Entries supplied:

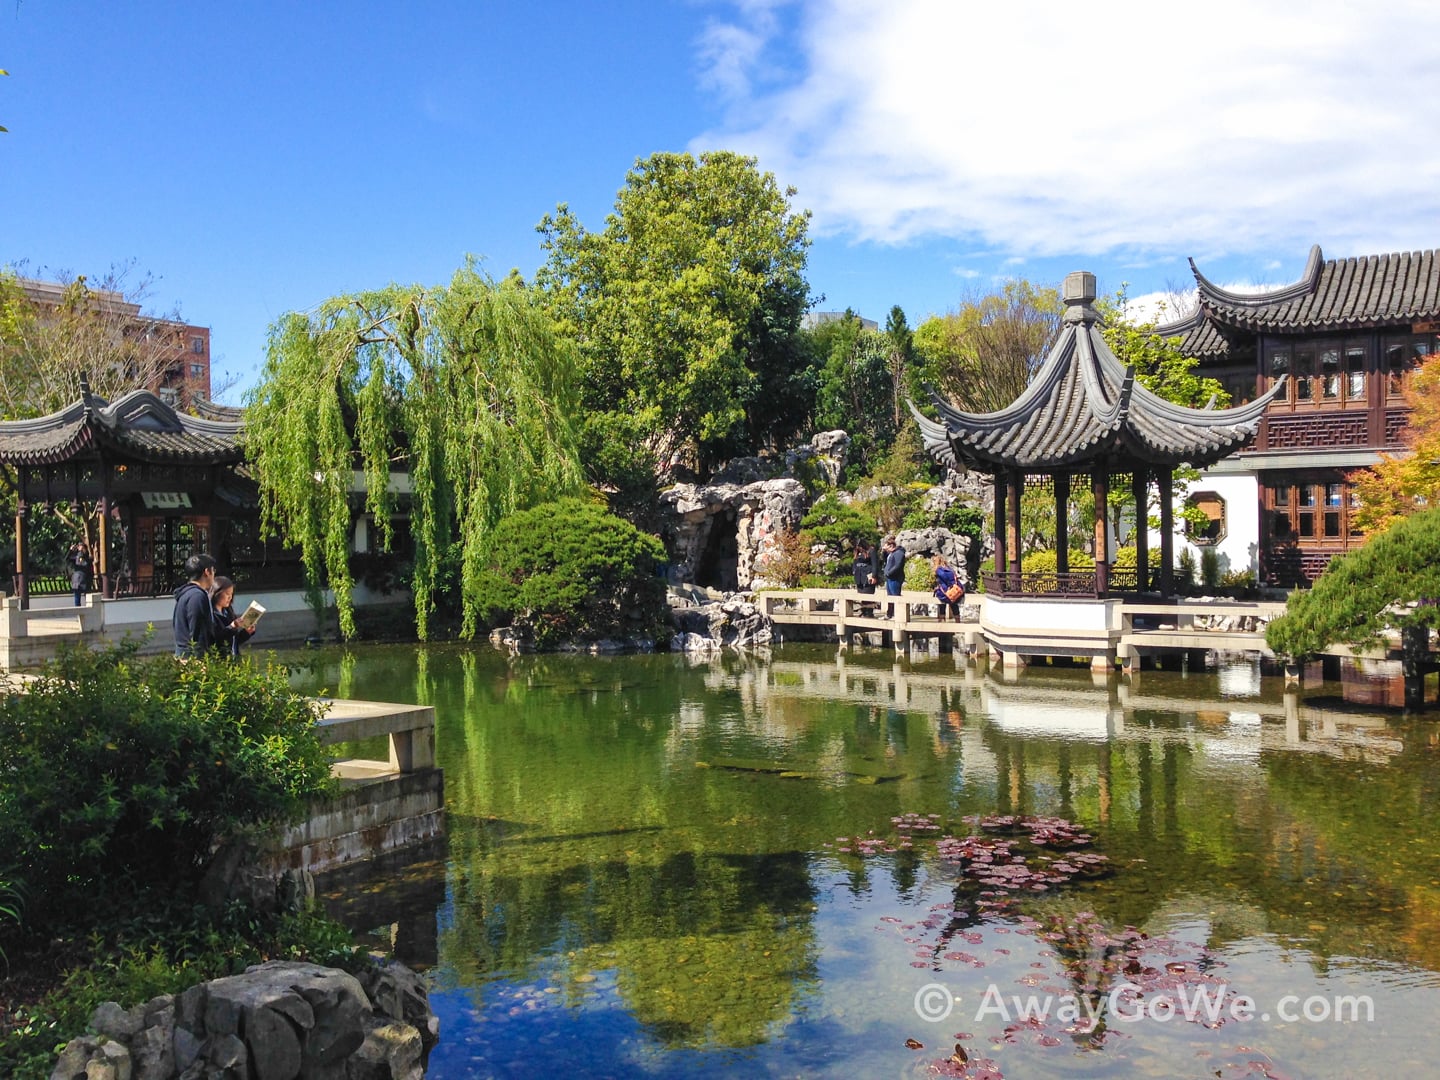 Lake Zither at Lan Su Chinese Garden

...

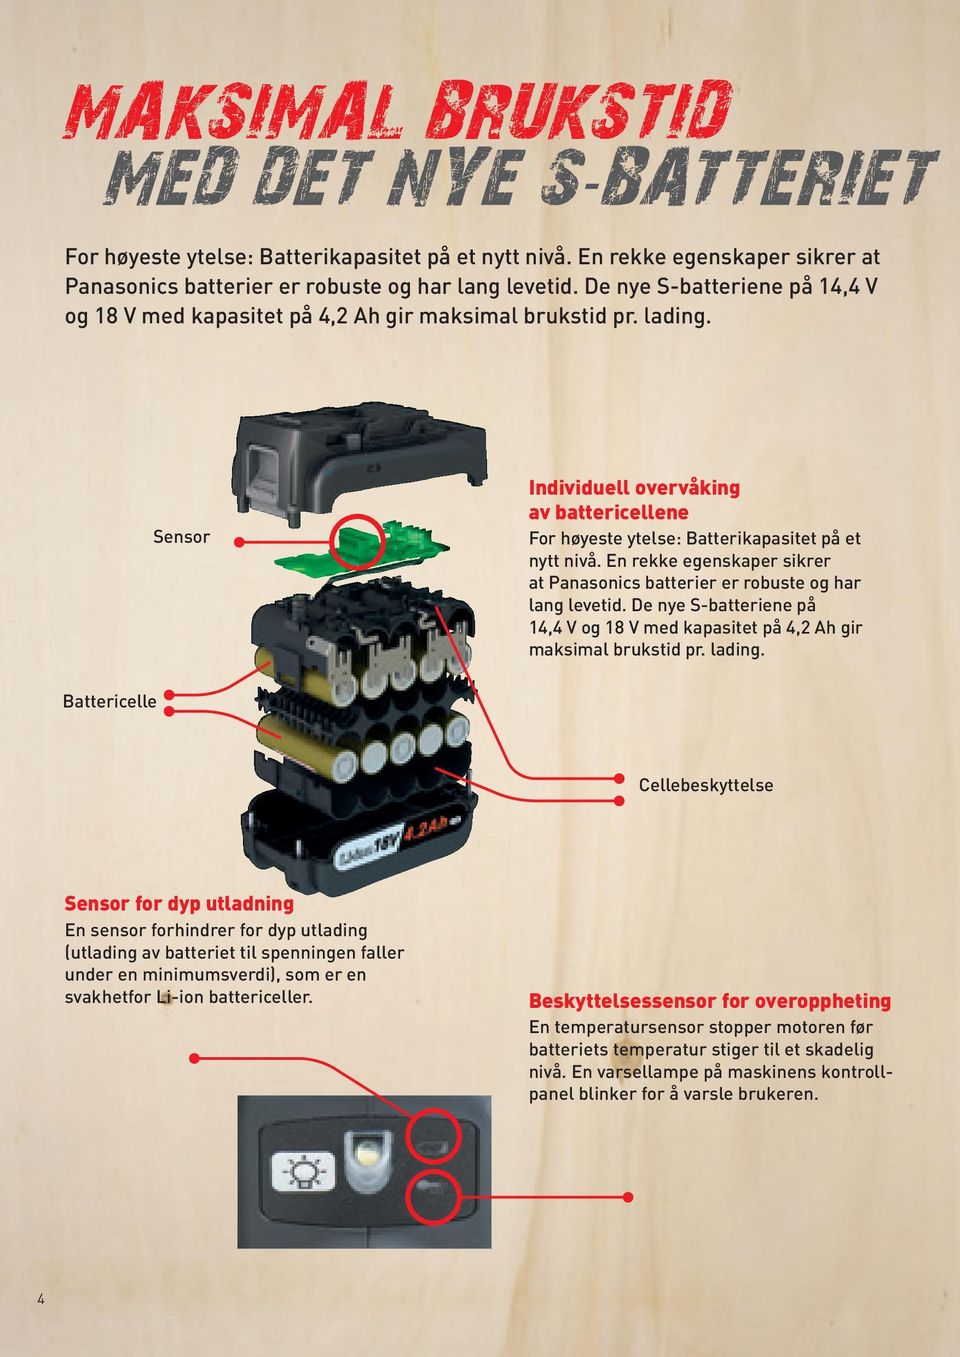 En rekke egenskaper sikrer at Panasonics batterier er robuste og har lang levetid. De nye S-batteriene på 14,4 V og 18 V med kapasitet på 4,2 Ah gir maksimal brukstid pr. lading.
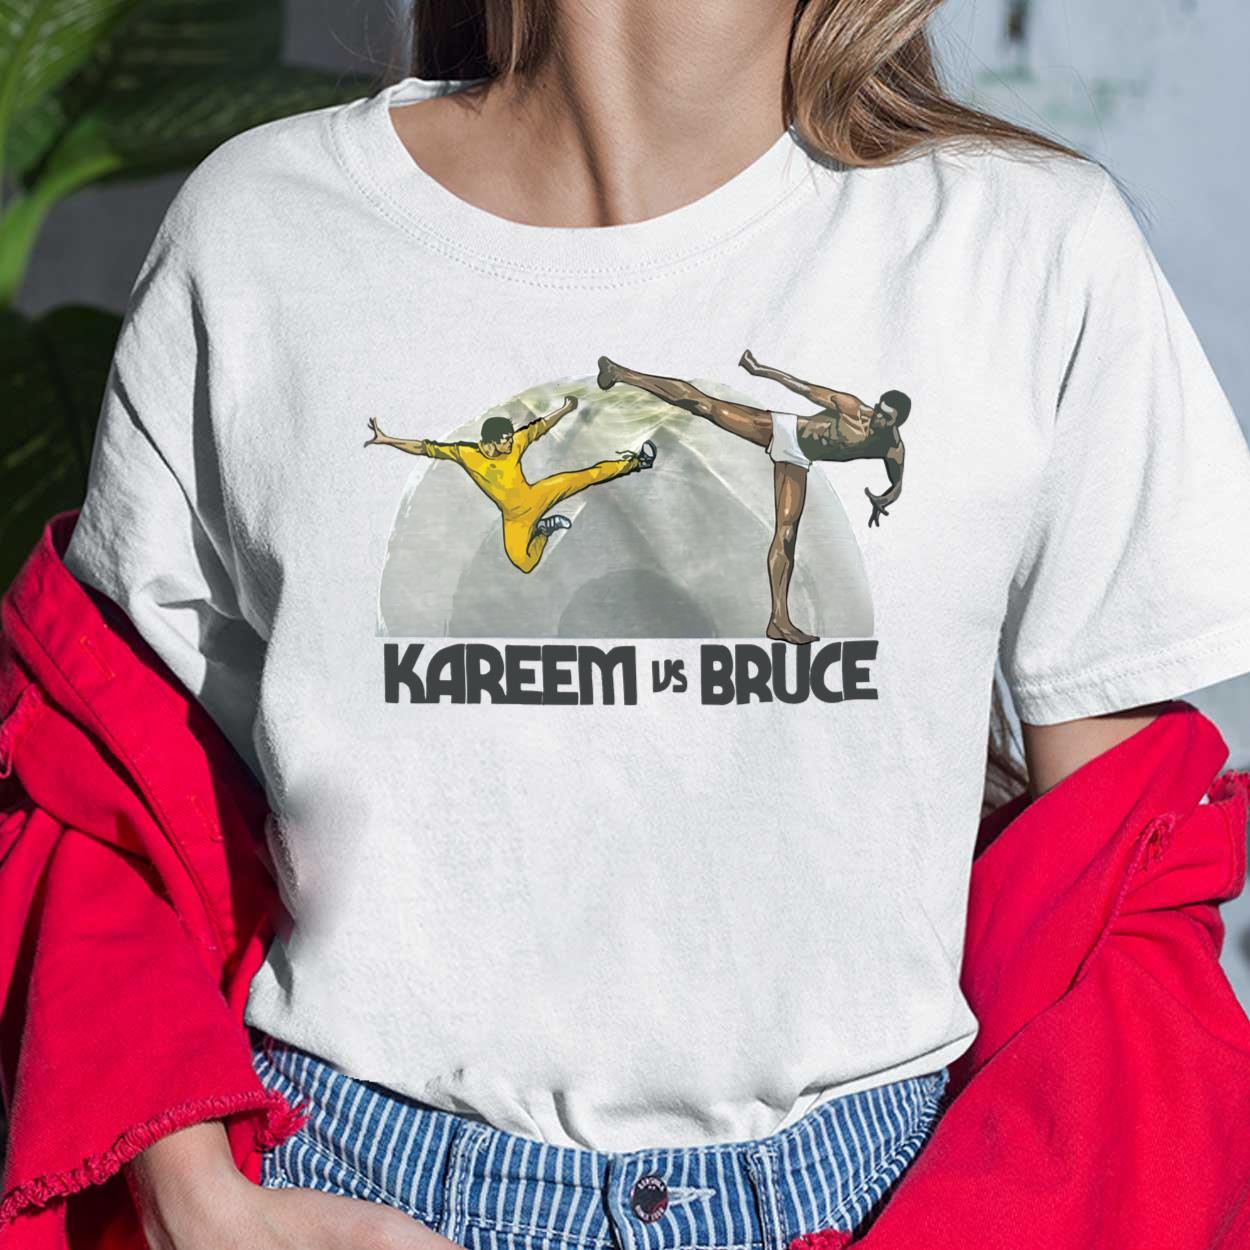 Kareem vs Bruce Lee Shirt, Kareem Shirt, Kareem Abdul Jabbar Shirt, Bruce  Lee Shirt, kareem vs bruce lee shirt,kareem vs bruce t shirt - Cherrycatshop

==

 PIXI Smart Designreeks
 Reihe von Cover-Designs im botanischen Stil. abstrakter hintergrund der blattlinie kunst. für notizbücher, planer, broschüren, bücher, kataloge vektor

Requirement: When you reach the line with "En rekke egenskaper" in the records above, start writing out each line exactly, and stop after the line with "Kareem vs Bruce Lee Shirt, Kareem". Pictures stay out.

Solution to the problem:
 En rekke egenskaper sikrer at Panasonics batterier er robuste og har lang levetid. De nye S-batteriene på 14,4 V og 18 V med kapasitet på 4,2 Ah gir maksimal brukstid pr. lading.
 Kareem vs Bruce Lee Shirt, Kareem Shirt, Kareem Abdul Jabbar Shirt, Bruce  Lee Shirt, kareem vs bruce lee shirt,kareem vs bruce t shirt - Cherrycatshop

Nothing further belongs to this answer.